Construction of the church was begun in the 13th century and continued during the 14th and 15th centuries. The church is constructed of Bethersden marble and has plain tiled roofs.

The late 14th-century west tower comprises three stages with buttresses on the external corners and a taller attached polygonal stair turret on the north-east corner. String courses separate each stage and a battlemented parapet forms the top of the walls on each side. The west side contains a three-lighted, cinquefoil-headed and traceried window in the first stage positioned above the small west door. The second stage contains small rectangular windows on the façades and the third stage contains two- or three-lighted belfry windows on each side with either trefoil or quatrefoil decoration.

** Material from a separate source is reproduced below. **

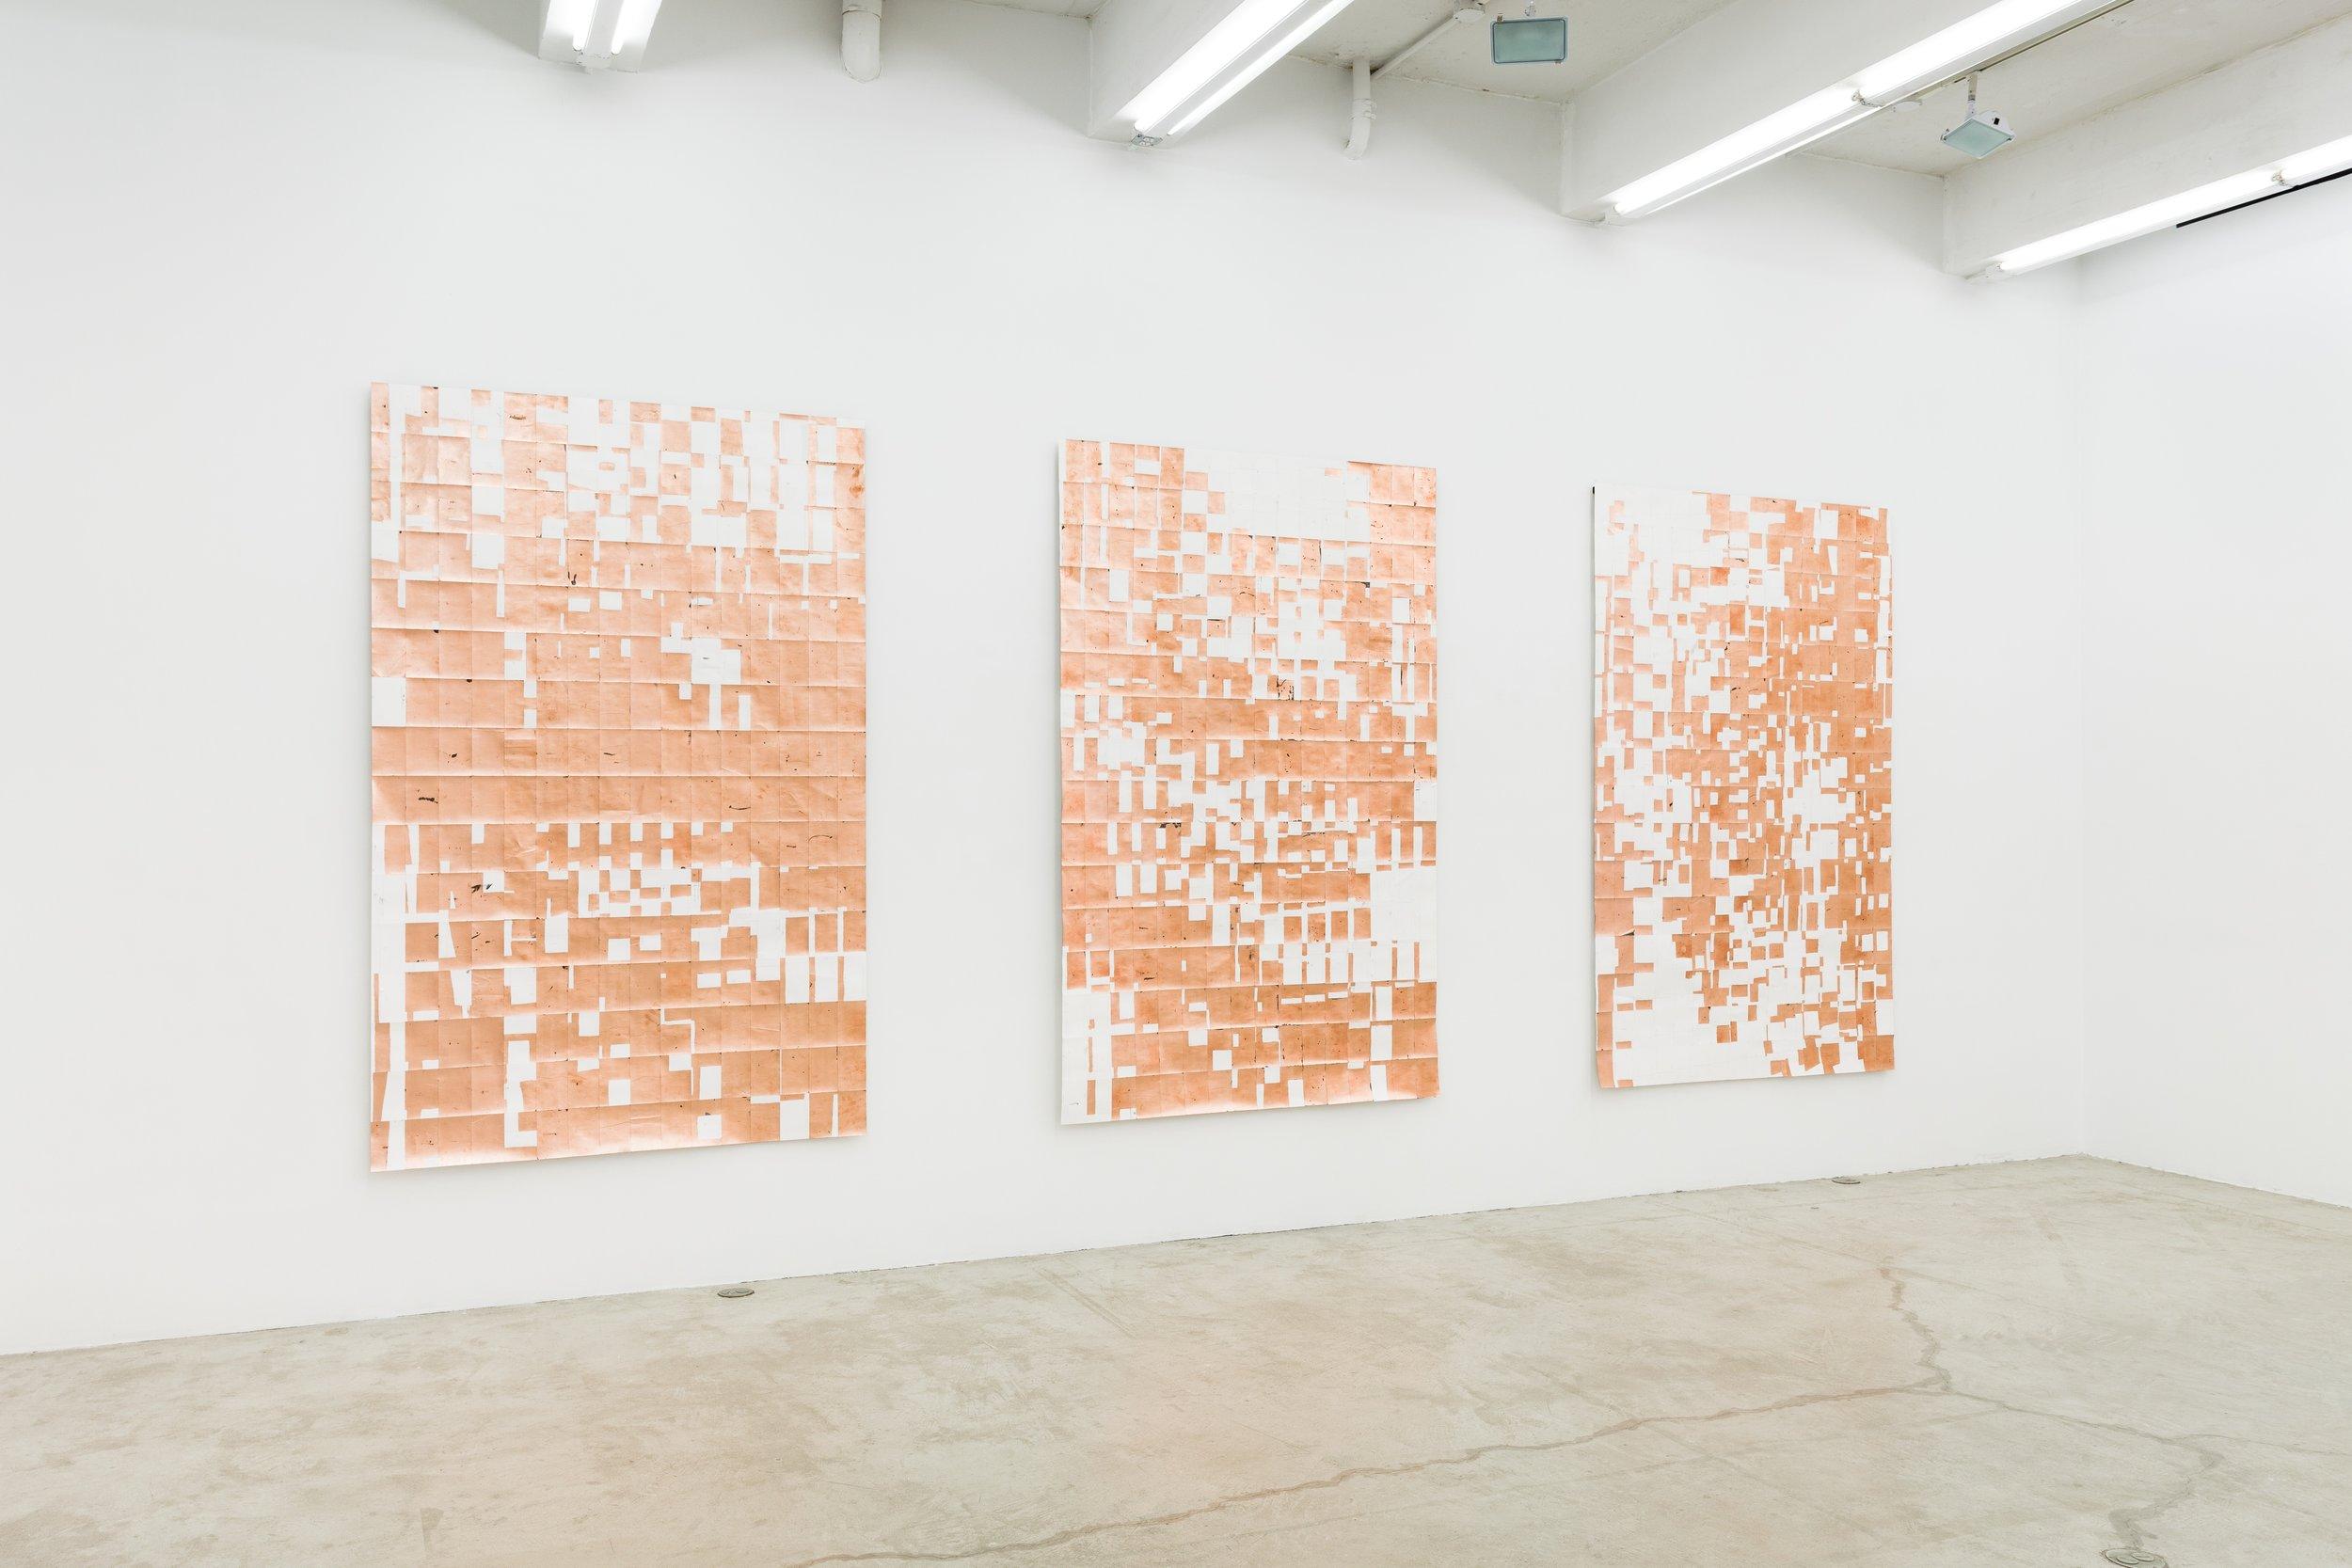 Installation view,  Aux quatre vents, Martos Gallery, New York, 2013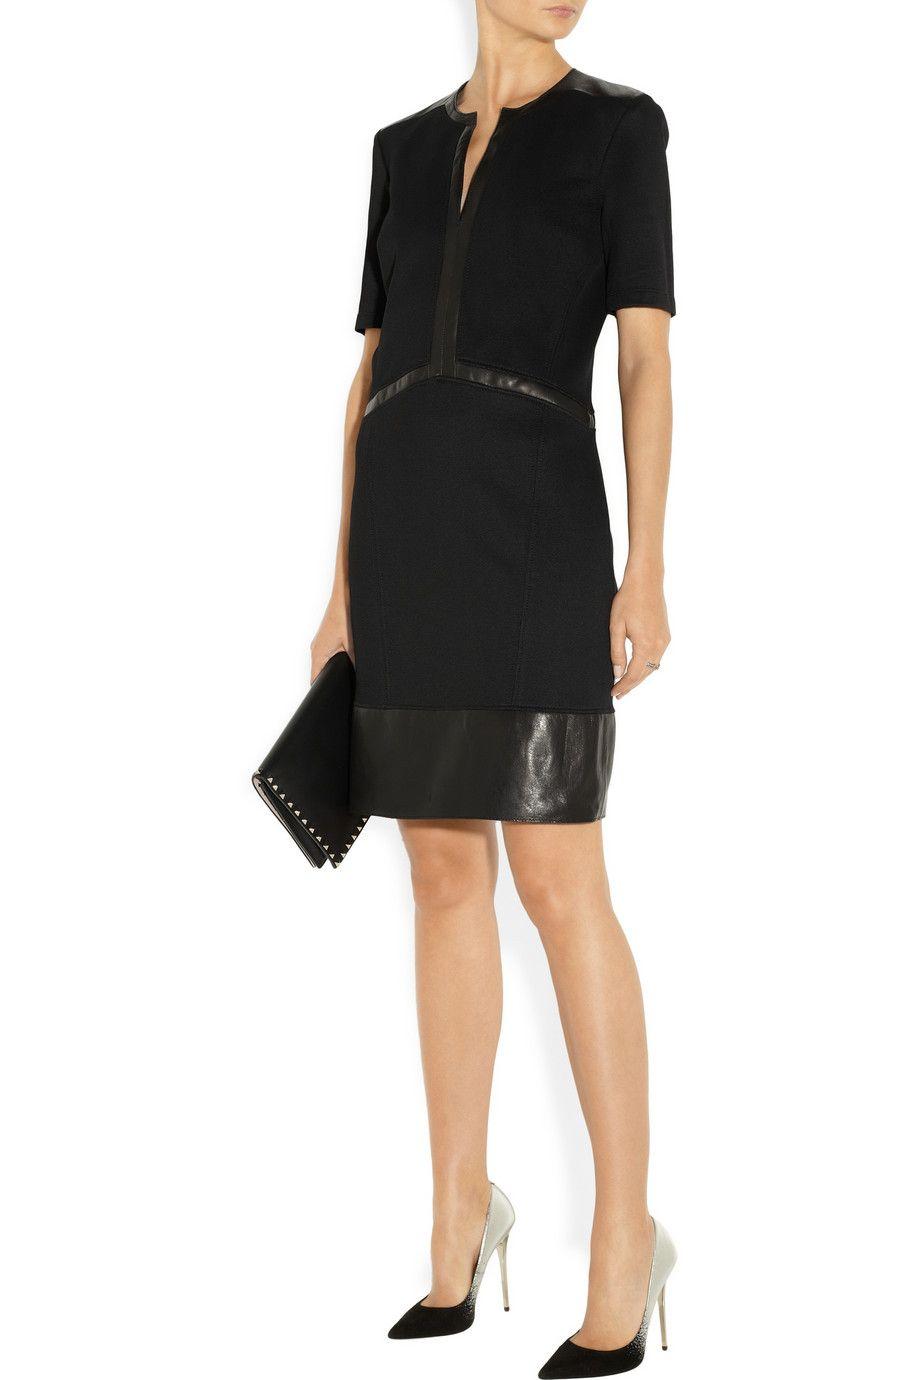 Helmut Lang Motion leathertrimmed stretchknit dress

The nave is probably 14th-century and is flanked on the south side by a late 14th-century aisle with its attached porch of a similar age. The parapets of the aisle and porch are battlemented. The three aisle windows are cinquefoil-topped and the porch inner doorway is of Bethesden marble. The north wall of the nave contains four three-lighted traceried windows separated by buttresses. The chancel is 13th century with the windows replaced probably in the late 14th century or in the 15th century. The east end is gabled with a tall window of two stacked groups of three cinquefoil-topped lights. Abutting the south side of the chancel is the south chapel which also dates from the 14th century. Four two-lighted windows alternate with buttresses on the south chapel wall and the east end contains a five-lighted traceried window.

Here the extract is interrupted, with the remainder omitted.